Asymptotic analysis of boundary layer correctors in periodic homogenization

This paper is devoted to the asymptotic analysis of boundary layers in periodic homogenization. We investigate the behaviour of the boundary layer corrector, defined in the half-space $\Omega_{n,a}:=\{y\cdot n-a>0\}$, far away from the boundary and prove the convergence towards a constant vector field, the boundary layer tail. This problem happens to depend strongly on the way the boundary $\partial\Omega_{n,a}$ intersects the underlying microstructure.

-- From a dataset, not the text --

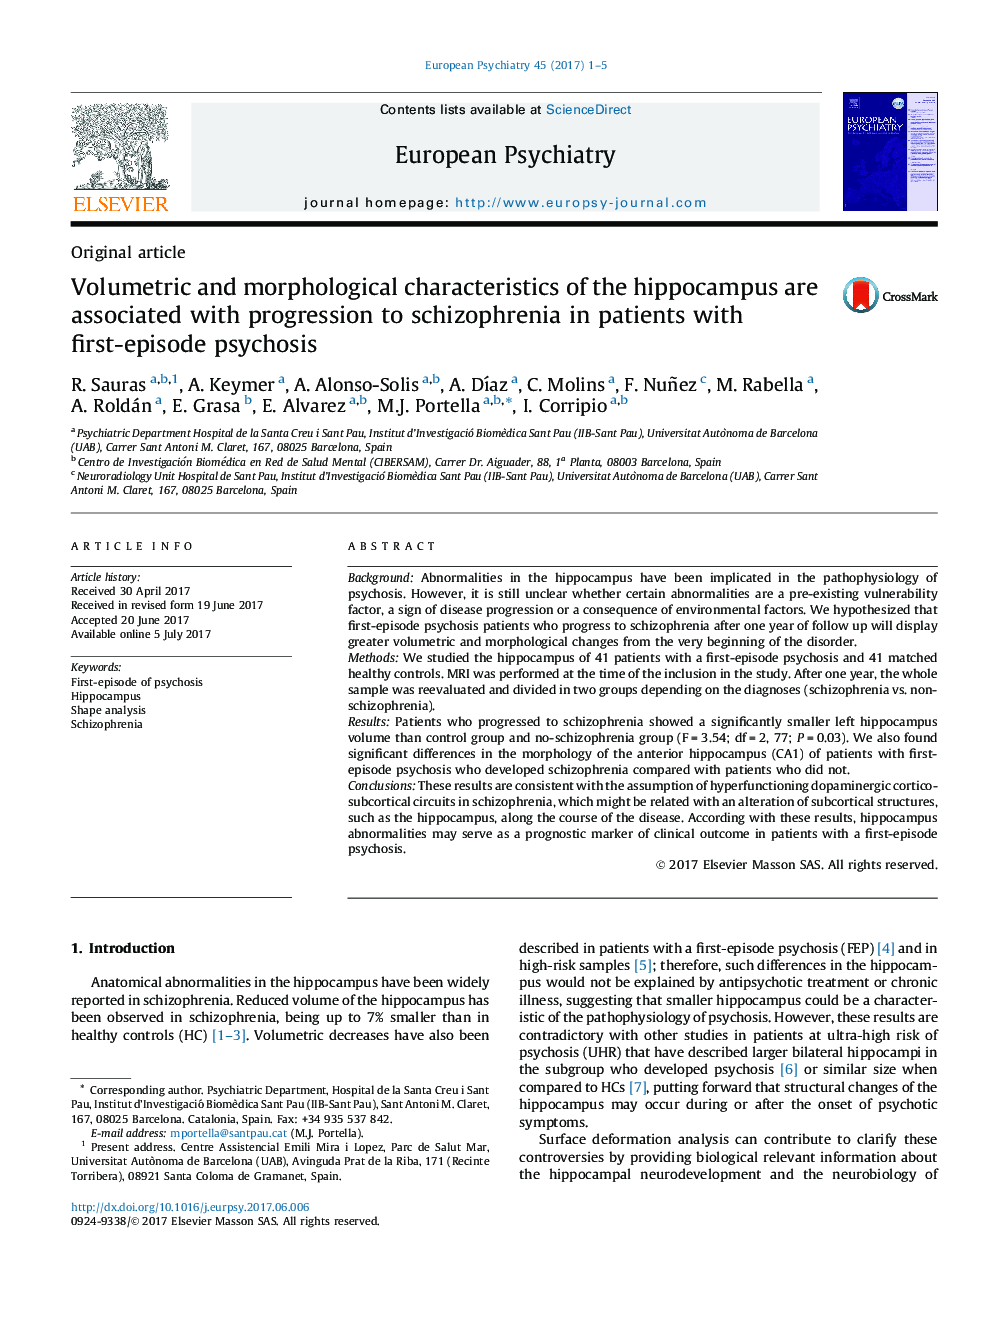 اصل مقاله اندازه و ویژگی های مورفولوژیکی هیپوکامپ همراه با پیشرفت اسکیزوفرنی در بیماران مبتلا به روانپریشی اول

Our study complements the previous results obtained on the one hand for $n\in\mathbb R\mathbb Q^d$, and on the other hand for $n\notin\mathbb R\mathbb Q^d$ satisfying a small divisors assumption. We tackle the case of arbitrary $n\notin\mathbb R\mathbb Q^d$ using ergodicity of the boundary layer along $\partial\Omega_{n,a}$. Moreover, we get an asymptotic expansion of Poisson's kernel $P=P(y,\tilde{y})$, associated to the elliptic operator $-\nabla\cdot A(y)\nabla\cdot$ and $\Omega_{n,a}$, for $|y-\tilde{y}|\rightarrow\infty$. Finally, we show that, in general, convergence towards the boundary layer tail can be arbitrarily slow, which makes the general case very different from the rational or the small divisors one.